# First Dirt Bath



## chickenqueen (Jan 9, 2016)

It was warm and sunny so I took my Sept surprises out for a dirt bath.They had a blast rolling around and kicking the dirt up.They are 3.5 wks and the little black one is 2.5 wks.I got really lucky and got a white one,a brown one,a silver one and the little black one.They'll look good in the flock.


----------



## robin416 (Sep 8, 2013)

Did the others come investigate the new voices out there? 
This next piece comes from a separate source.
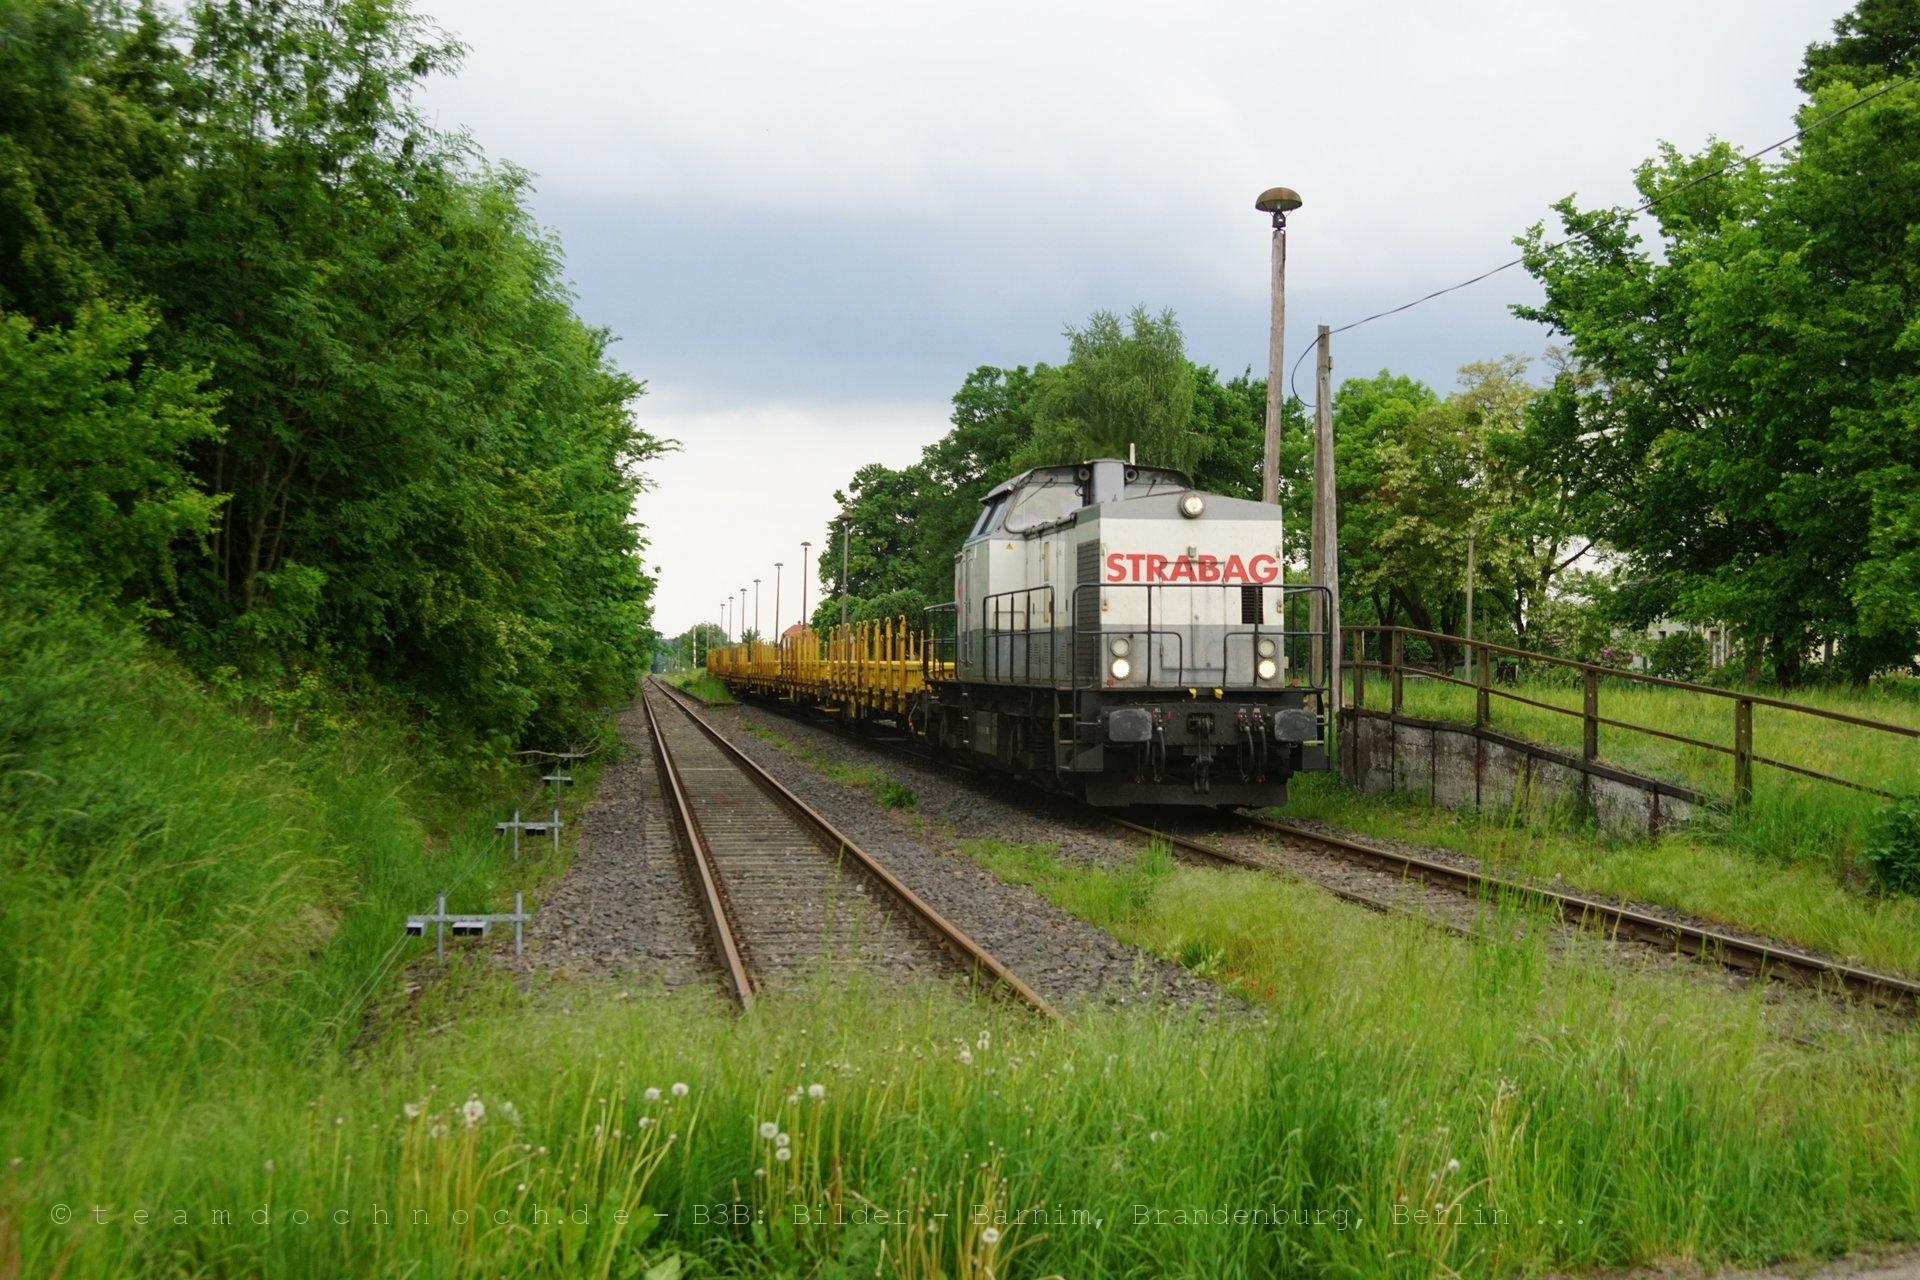 STRABAG V100 in Friedrichswalde

What have you decided to do, keep them? I see the little Cochin in the group.


----------



## chickenqueen (Jan 9, 2016)

We were fenced off but the adults did stop to look.All have the Cochin feathered legs/feet and the Ameraucana faces.I'm keeping them,I need another rooster and I'm sure at least 2 are cockerels(of course!!!).I lost a few the last year so I guess they'll fill the empty spots.Besides,they are just soooo darn cute,how can I resist?


----------



## robin416 (Sep 8, 2013)

Ahhh, chicken math. Only those with chickens will ever figure it out. 

I've found that mixed breed birds can be some of the prettiest birds.


----------



## chickenqueen (Jan 9, 2016)

Chicken math,uh"?And I was too blind to see it as I wrote it out.But I came up with the correct answer,didn't I?......


----------



## robin416 (Sep 8, 2013)

With flying colors!


----------